Developers should also consider integrating green technologies (GreenTech) to differentiate their projects in the market. These include natural lighting, optimized air quality and rainwater catchment facilities. We also encourage developers to adopt sustainable features with the inclusion of green spaces such as vertical gardens in their upcoming projects. Property firms should also take a more aggressive stance in introducing artificial intelligence (AI) technologies into their residential projects. Colliers also believes that the launch of more property technology (proptech) features will be the norm moving forward. A number of developers have incorporated built-in fiber optic internet connection, videoconferencing areas and flexible workspaces which are suited for work-from-home (WFH) or hybrid working arrangements. We also encourage developers to highlight amenities such as open spaces and activity areas.

DISSECTING THE POPULARITY OF LEISURE-ORIENTED DEVELOPMENTS
The pandemic has highlighted the need for greener, more open spaces. This is a major reason why property firms now offer bigger spaces, whether for condominium or horizontal developments. These projects are classified as upscale and luxury developments based on total contract prices but are among the best-selling projects in the market post-COVID. We expect developers to continue launching similar projects, but the first movers definitely have an advantage.

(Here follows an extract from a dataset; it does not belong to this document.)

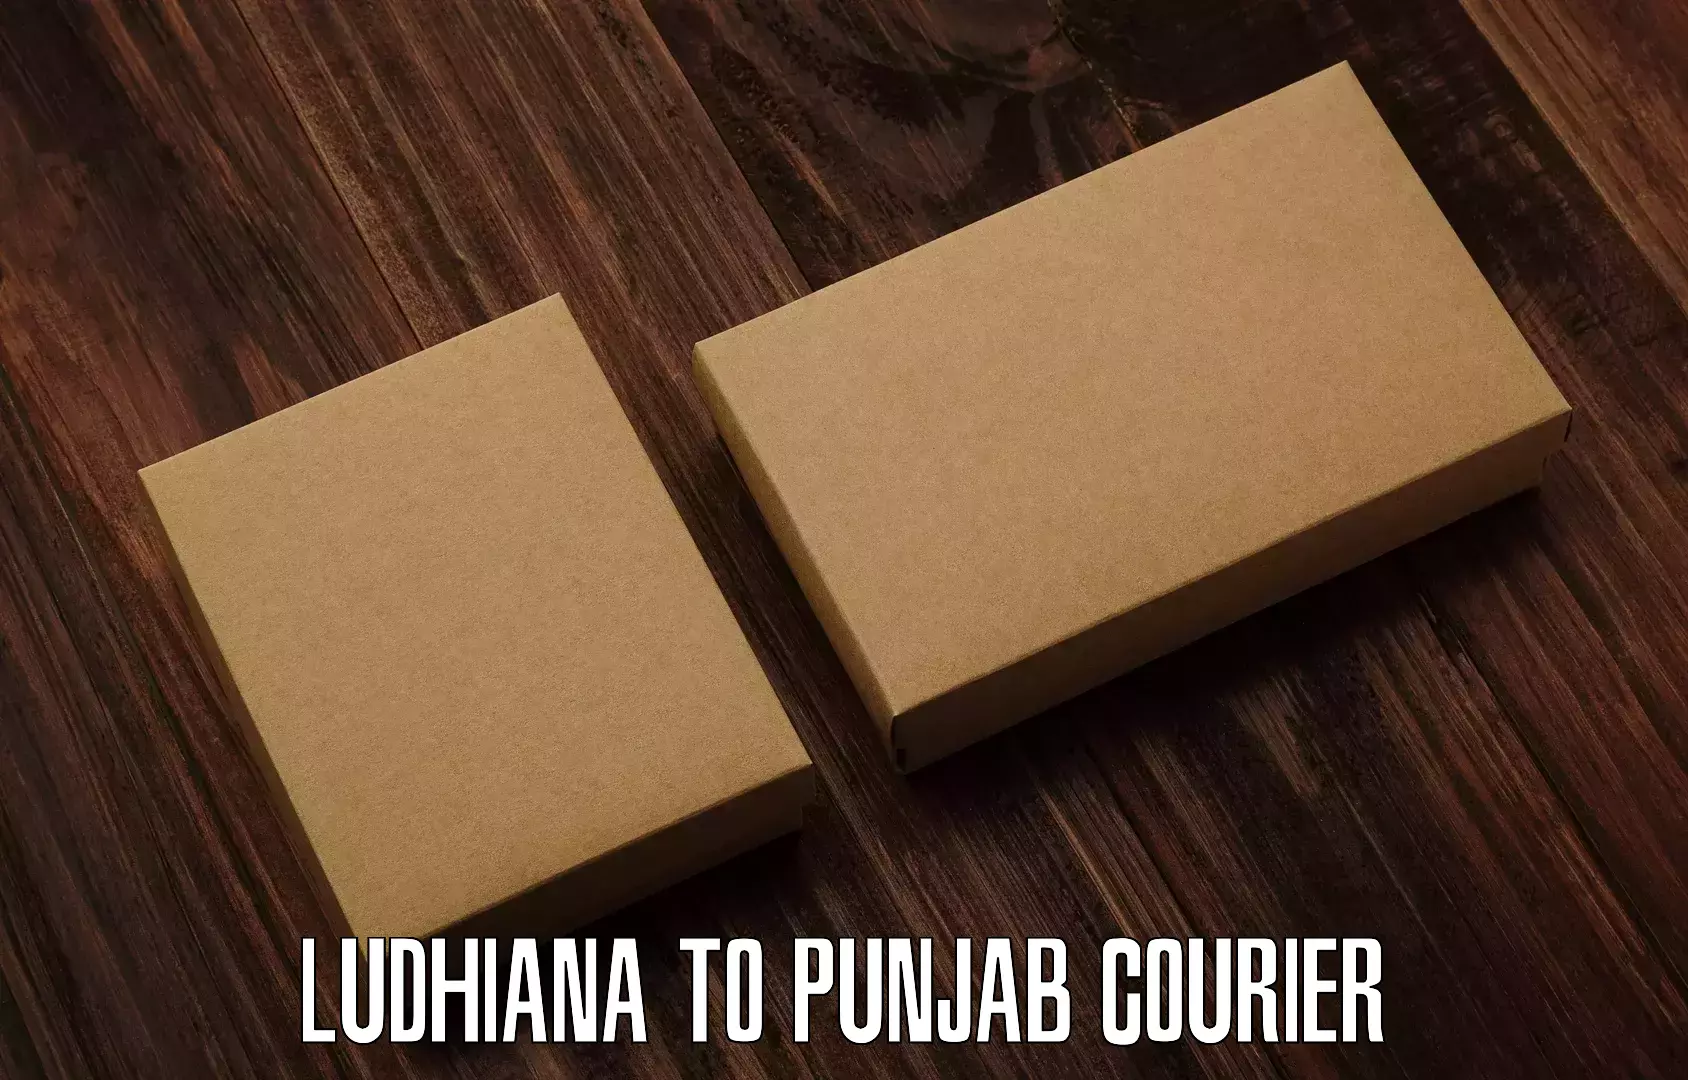 Courier service comparison Ludhiana to Dera Bassi

Colliers Philippines believes that it is imperative for property firms to take advantage of the rising demand for resort-themed projects across the country. For one, these projects are banking on the revival of the Philippine tourism market, which the Marcos administration continues to aggressively promote. The tourism sector remains one of the major job-generating economic sectors of the Philippines, and the government’s emphasis on the sector will substantially benefit developers catering to local and foreign markets.

Leisure-themed developments also benefit from improving connectivity. Major projects in the Cavite-Laguna-Batangas (Calaba) corridor, for instance, are taking advantage of improving access from Metro Manila to Southern Luzon. Hordes of people visit their favorite destinations in the south during weekends and holidays, and the ease of travel has been facilitated by the completion of major public projects, including those connecting cities from north to south Luzon.

WHAT TO EXPECT FOR PHILIPPINE PROPERTY MOVING FORWARD
Recalibration is a must for developers to remain relevant.  We see property firms constantly innovating to fully take advantage of opportunities in the market —whether it’s office, residential, retail, leisure, or industrial segment. Evolution is crucial to achieving progression and developers must be on the lookout for the next property segment or location that offers the greatest returns!